Category Archives: Personal stuff

“Definitely” Response from my pulmonologist when I requested more tests. A good thing, that.

Above is the video I sent to my pulmonologist, asking for a retest of my lung function almost exactly a year after the last one, the test that eventually led me to yet another test that showed something I didn’t want to find, a mild bone marrow cancer called Essential Thrombocythemia. That discovery put an end to finding a solution for my breathing issues, because it seemed there were more important things to put in order. That scary “C” word, concerned about bigger things than how fast I can ride up a hill.

But as time went on, after many, many more tests, and, finally, a bone marrow biopsy a couple months ago that completely put to rest any fear of an early demise, it become increasingly clear that my breathing issues were once again taking center stage when on my bike. But would my pulmonologist agree? After all, he and my GP were wondering why, if my VO2max measurement was 140% of normal for someone my age, I was having an issue. I get where they were coming from, but my frustration has been building as I’m questioning if I can even get under 30 minutes climbing Kings this year. The simple truth is, the average 62 year old is in really awful shape, so any comparison to “average” just isn’t relevant.

And last year, I don’t think my doctors really understood what it’s like to be riding near me, hearing my continuous labored breathing on a climb. So, I made the short video above. It shows what I sound like at a moderate, not strenuous, pace. I explained that, once the road tilts upward, once my power goes above 220 watts or heart rate above 140, I can’t talk, I can’t even take a drink from my water bottle without falling apart.

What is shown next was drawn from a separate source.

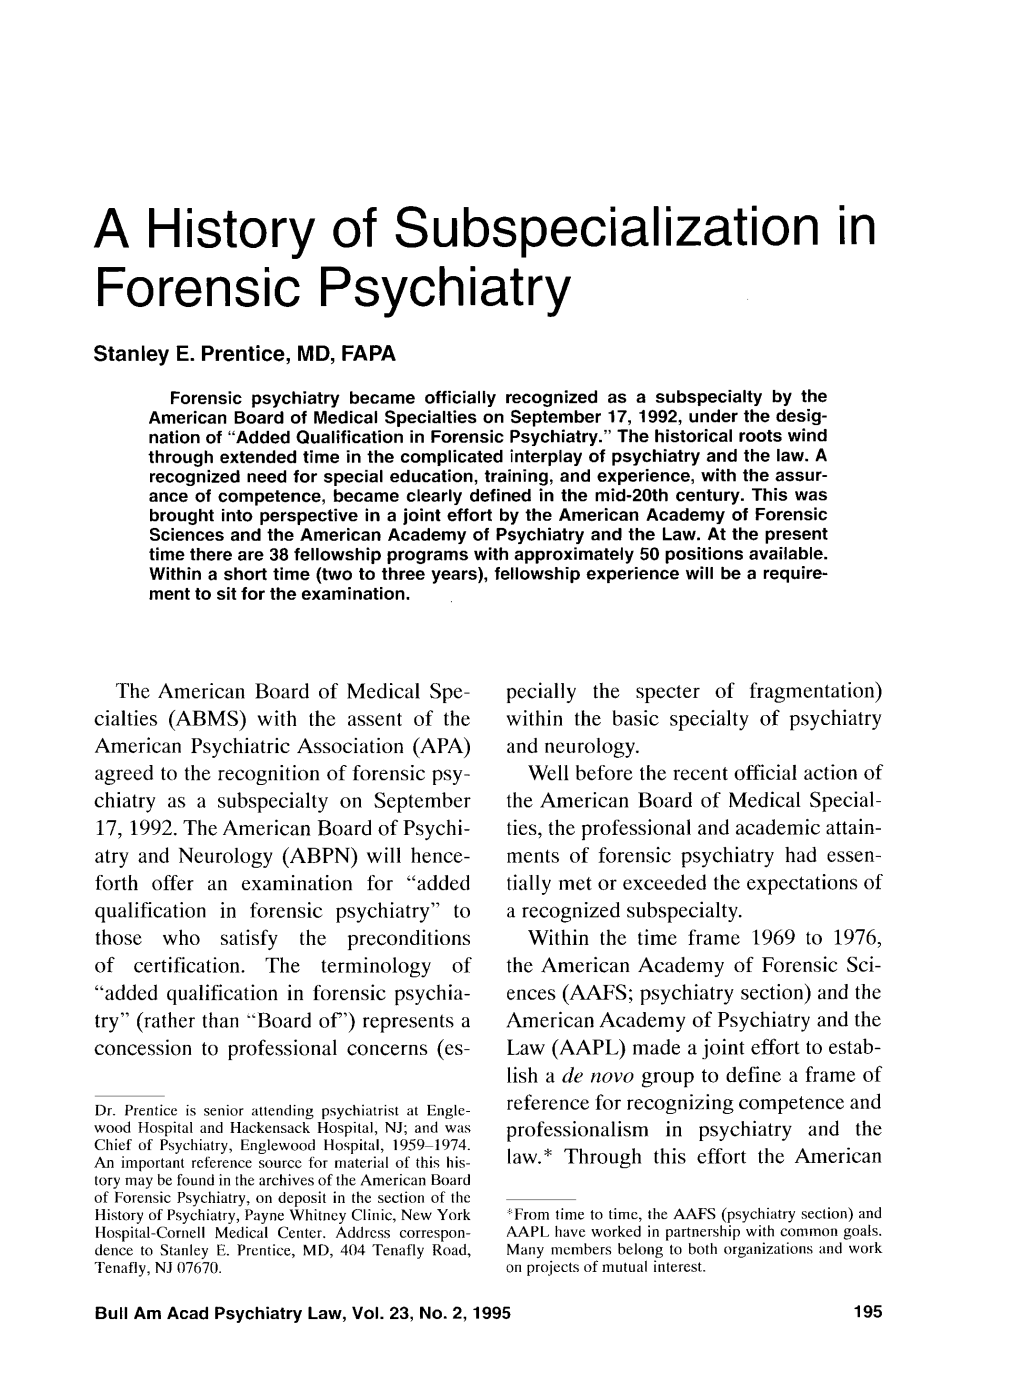 A History of Subspecialization in Forensic Psychiatry

Most people breathing like that might keep it up for a pretty short time. I can do this for half an hour. More if I have to.

It was enough to convince the doctor for a re-test, and to try something different from the Qvar/Albuterol/Singulair combination I’m presently on. It’s been just over a year since the last test (April 18, 2017). My daughter, Becky, is a bit concerned that new tests might being up something new & scary, like last time, but I told her, at this point, my attitude is “bring it on!” I can’t fight or fix what I don’t know about. I’m looking forward to May 21st, when I go into the “glass booth” again.

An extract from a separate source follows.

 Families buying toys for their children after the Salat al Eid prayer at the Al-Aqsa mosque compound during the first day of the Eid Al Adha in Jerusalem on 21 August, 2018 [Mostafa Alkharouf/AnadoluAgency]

Another important date is coming up. May 24th will be the one-year anniversary of what I consider the darkest week of my life. The day I got hit, really hard & fast, by the news that there was an issue with my bone marrow. I put on a pretty good face most of the time, but until I discovered a relevant Facebook group (yes, Facebook is good for something!) dealing with Essential Thrombocythemia, and learned that people live with this rather than die from, I had some serious doubts about the future. So, Thursday, May 24th, I’m going to have a “breakfast at Alice’s” version of the Thursday-morning ride, to celebrate.

OK, what about last Thursday’s ride? Yes, I did ride, along with Kevin (kid) and Karen. I had hoped I’d continue to feel like I had on Tuesday’s ride, attacking the climbs rather than capitulating, but it was not to be. I was a slug heading up Kings. I did recover some on Skyline, but I never had that sense of “pushing myself hard is fun!” that I had Tuesday. Maybe it was just a high-gravity day.

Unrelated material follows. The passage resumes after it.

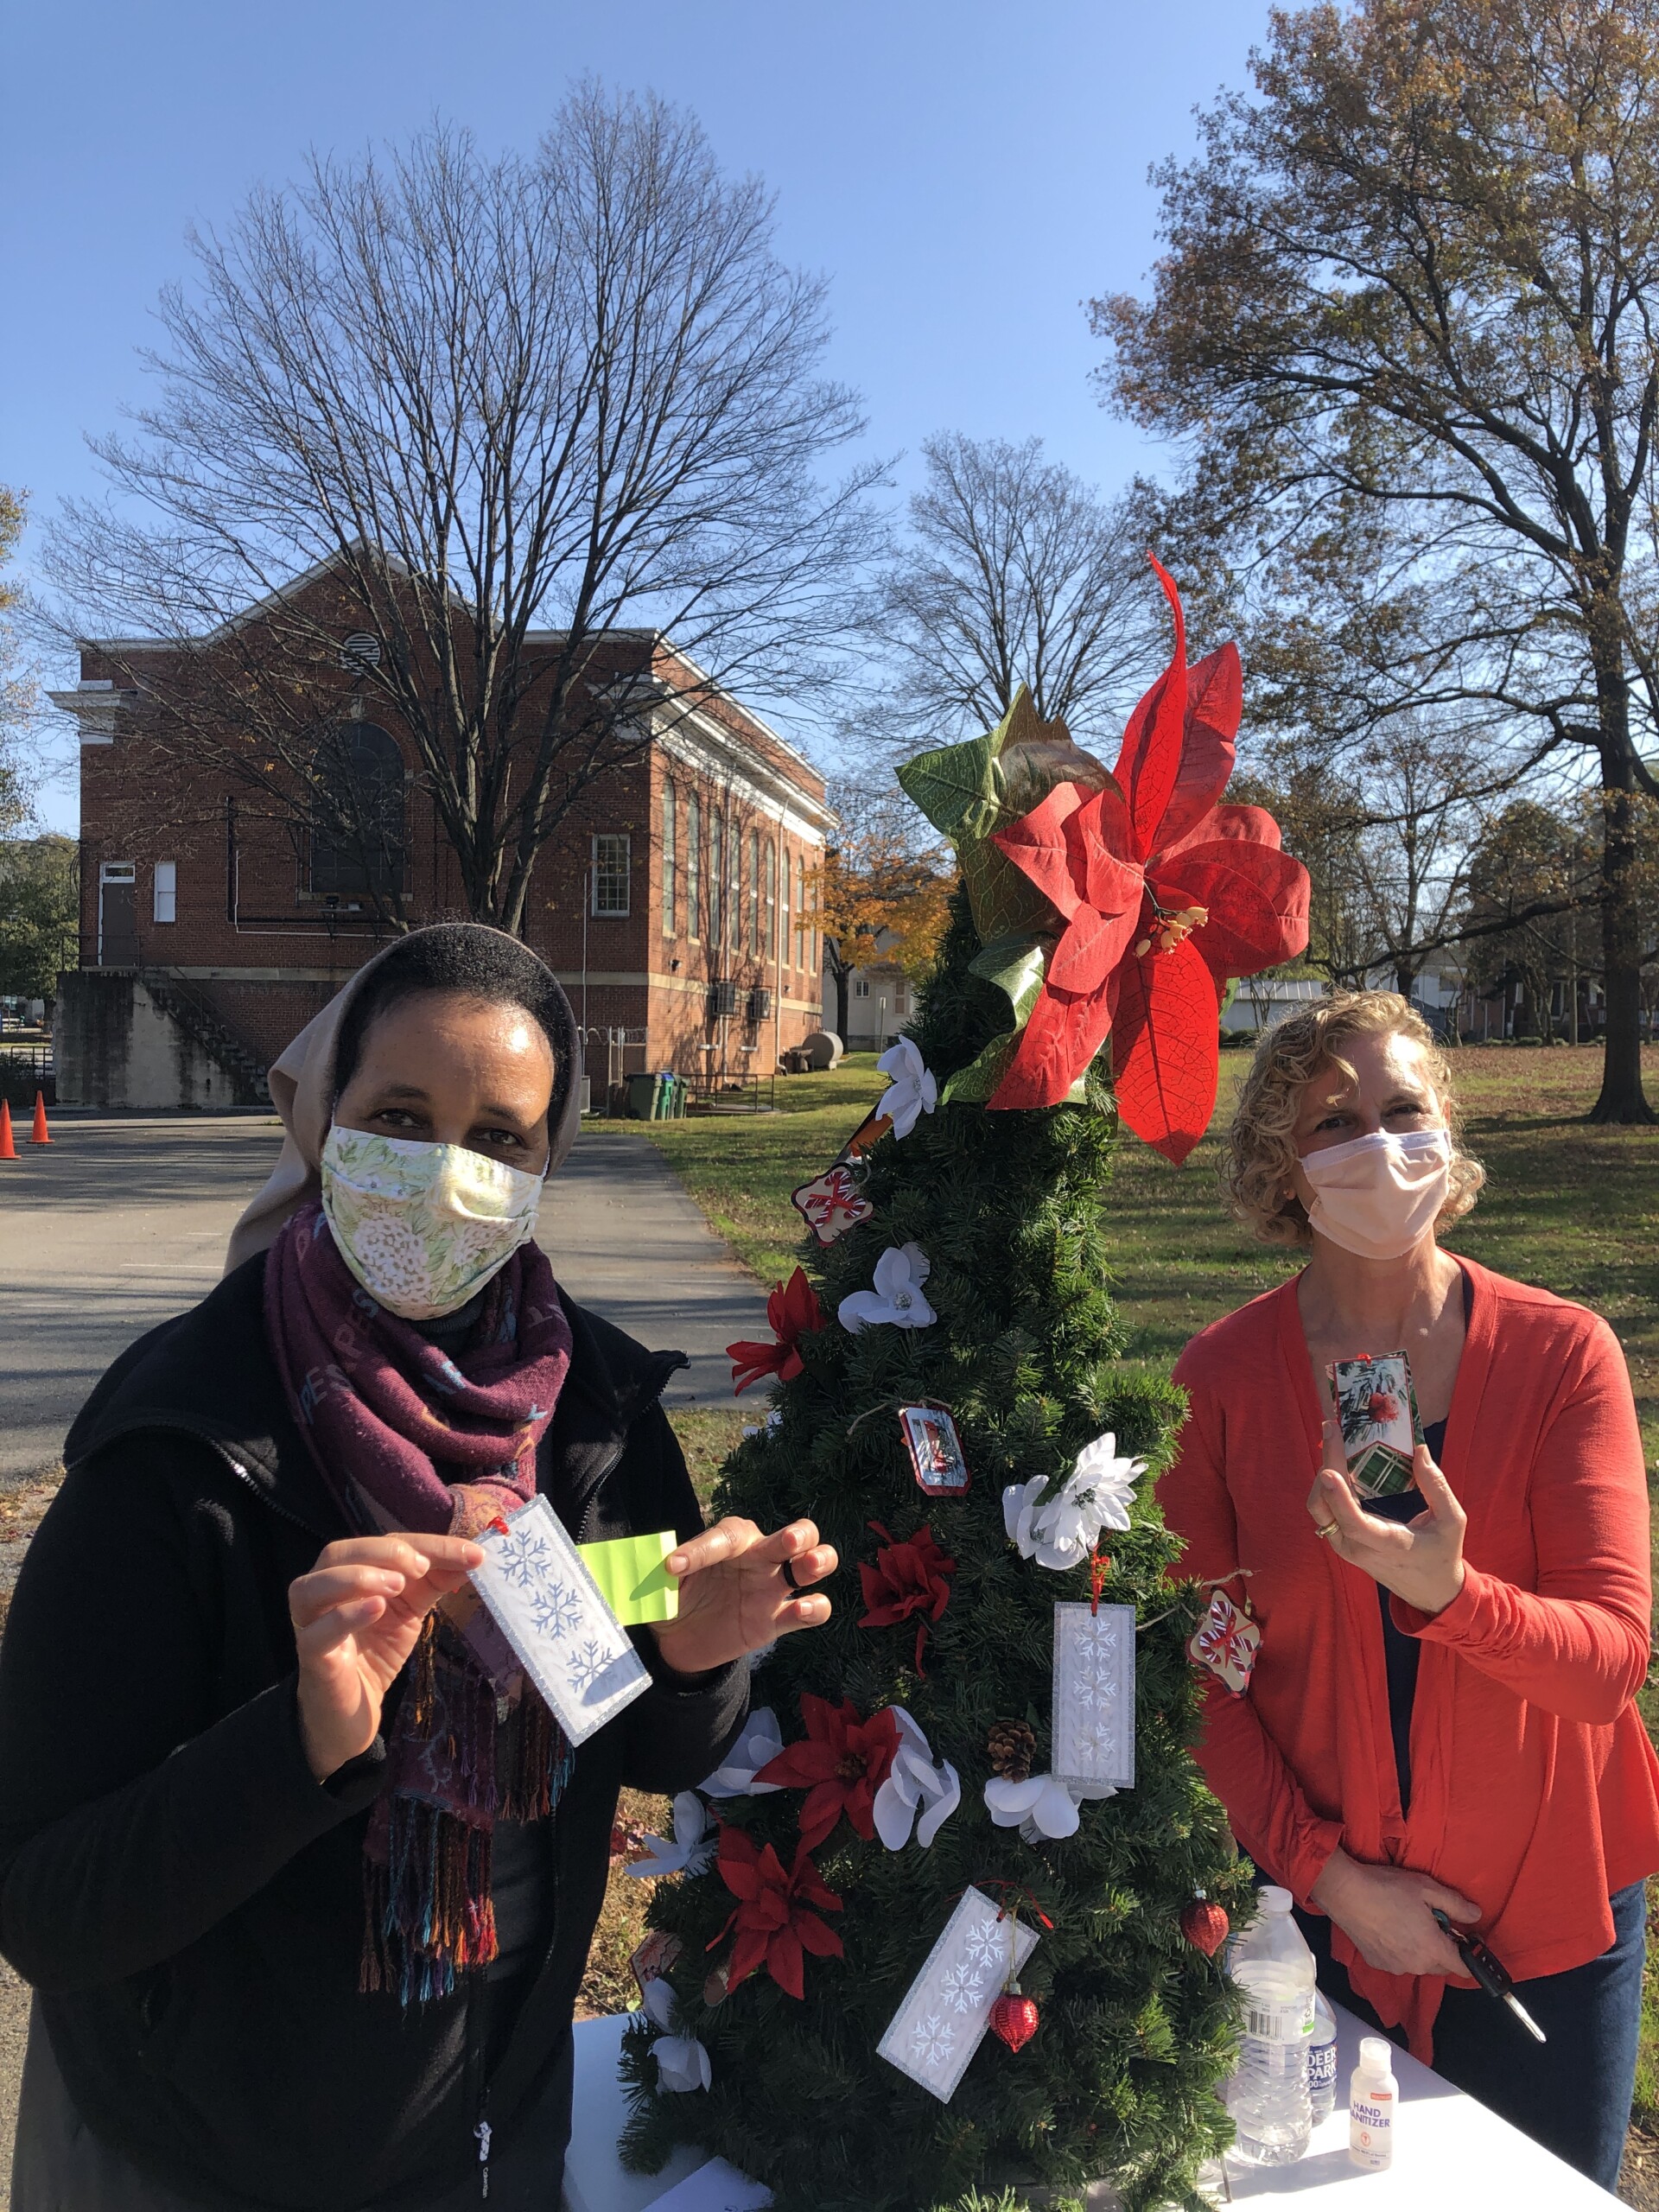 Two women, both wearing masks, in front of a small tree decorated with gift tags and a red bow

Embracing the new normal/today’s visit with the Oncologist

Friday’s blood test on the left; today’s visit with the Coffee Queen, who just happens to be outside my Oncologist’s office, on the right.
Last Friday was my monthly blood test day; not that big a deal anymore as I’ve gotten used to just looking away and staying calm while they stick the needle in, and thankfully I got the best of the best that day. I really should get her name. I did let her know that someday, maybe, I’d get the nerve to actually watch the process.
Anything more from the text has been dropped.